Some people claim that our Lord should not be referred to as “Jesus.” Instead, we should only use the name “Yeshua.” Some even go so far as to say that calling Him “Jesus” is blasphemous. Others go into great detail about how the name “Jesus” is unbiblical because the letter J is a modern invention and there was no letter J in Greek or Hebrew.

Yeshua is the Hebrew name, and its English spelling is “Joshua.” Iesous is the Greek transliteration of the Hebrew name, and its English spelling is “Jesus.” Thus, the names “Joshua” and “Jesus” are essentially the same; both are English pronunciations of the Hebrew and Greek names for our Lord. (For examples of how the two names are interchangeable, see Acts 7:45 and Hebrews 4:8 in the KJV. In both cases, the word Jesus refers to the Old Testament character Joshua.)

Changing the language of a word does not affect the meaning of the word. We call a bound and covered set of pages a “book.” In German, it becomes a buch. In Spanish, it is a libro; in French, a livre. The language changes, but the object itself does not. As Shakespeare said, “That which we call a rose / By any other name would smell as sweet” (Romeo and Juliet, II:i). In the same way, we can refer to Jesus as “Jesus,” “Yeshua,” or “YehSou” (Cantonese) without changing His nature. In any language, His name means “The Lord Is Salvation.”

As for the controversy over the letter J, it is much ado about nothing. It is true that the languages in which the Bible was written had no letter J. But that doesn’t mean the Bible never refers to “Jerusalem.” And it doesn’t mean we cannot use the spelling “Jesus.” If a person speaks and reads English, it is acceptable for him to spell things in an English fashion. Spellings can change even within a language: Americans write “Savior,” while the British write “Saviour.” The addition of a u (or its subtraction, depending on your point of view) has nothing to do with whom we’re talking about. Jesus is the Savior, and He is the Saviour. Jesus and Yeshuah and Iesus are all referring to the same Person.

The Bible nowhere commands us to only speak or write His name in Hebrew or Greek. It never even hints at such an idea. Rather, when the message of the gospel was being proclaimed on the Day of Pentecost, the apostles spoke in the languages of the “Parthians, Medes and Elamites; residents of Mesopotamia, Judea and Cappadocia, Pontus and Asia, Phrygia and Pamphylia, Egypt and the parts of Libya near Cyrene” (Acts 2:9–10). In the power of the Holy Spirit, Jesus was made known to every language group in a way they could readily understand. Spelling did not matter.

We refer to Him as “Jesus” because, as English-speaking people, we know of Him through English translations of the Greek New Testament.
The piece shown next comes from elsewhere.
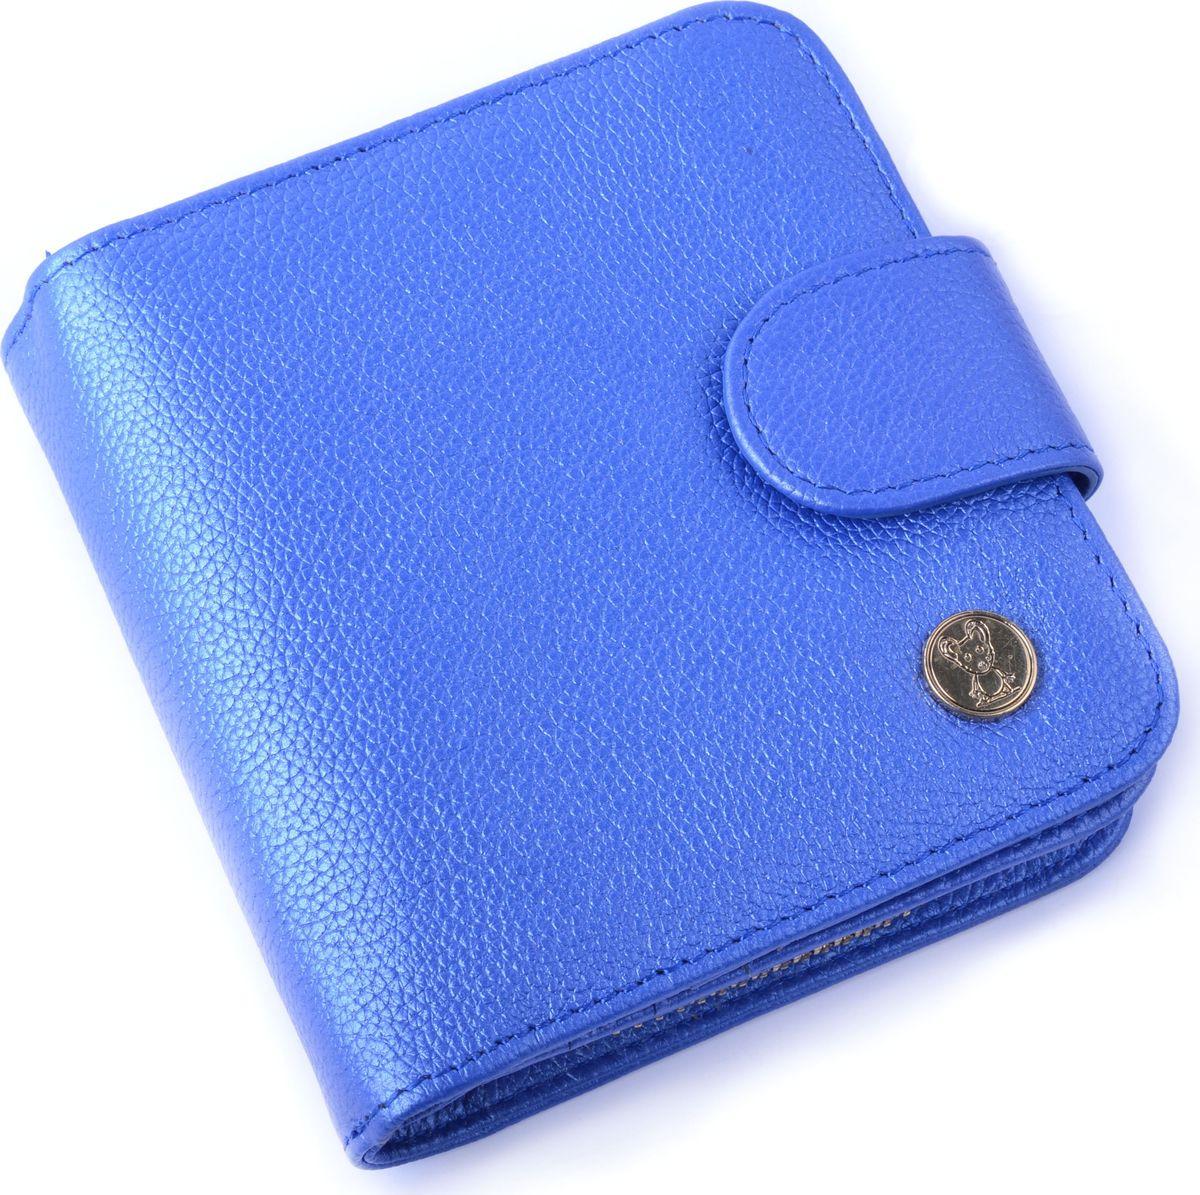 Кошелек женский Topo Fortunato, TF 119-007, голубой
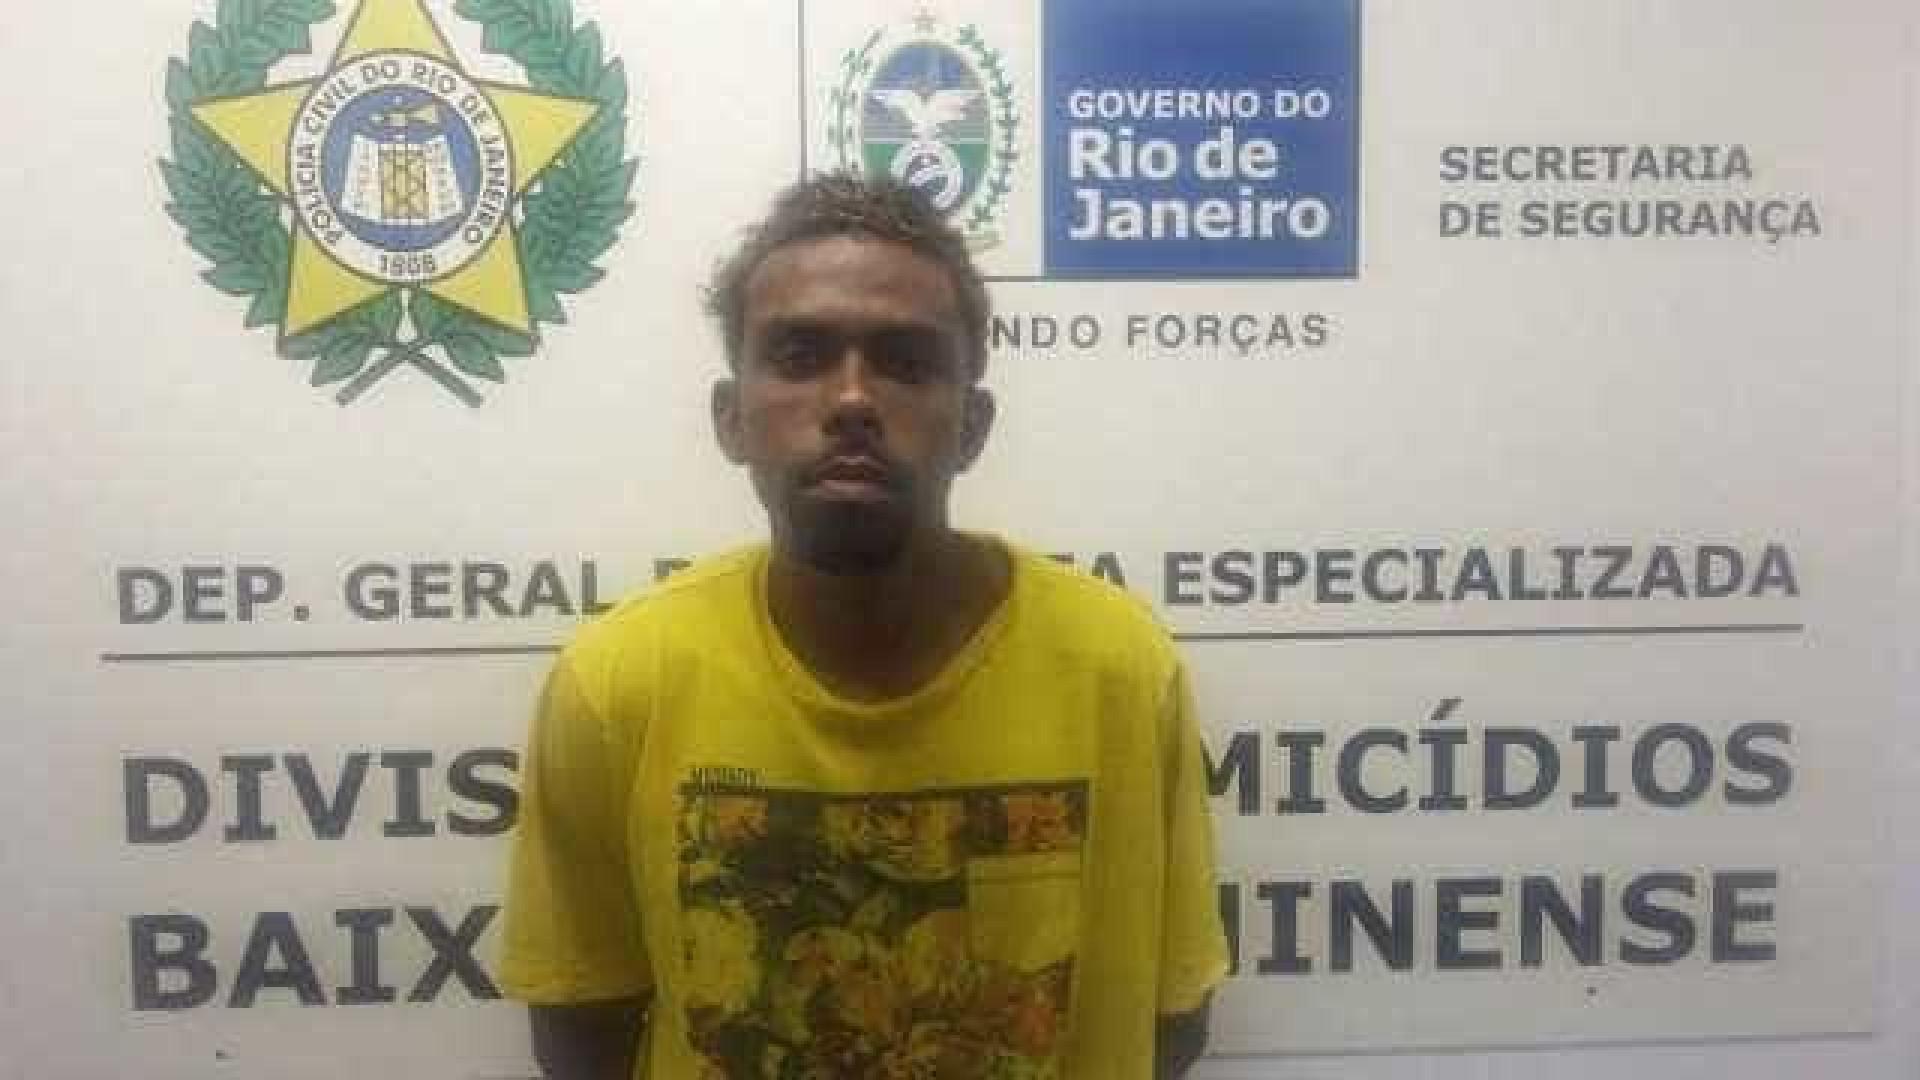 Padrasto mata criança de 2 anos após se irritar com choro no Rio

Scripture does not value one language over another, and it gives no indication that we must resort to Hebrew when addressing the Lord. The command is to “call on the name of the Lord,” with the promise that we “shall be saved” (Acts 2:21; Joel 2:32). Whether we call on Him in English, Korean, Hindi, or Hebrew, the result is the same: the Lord is salvation.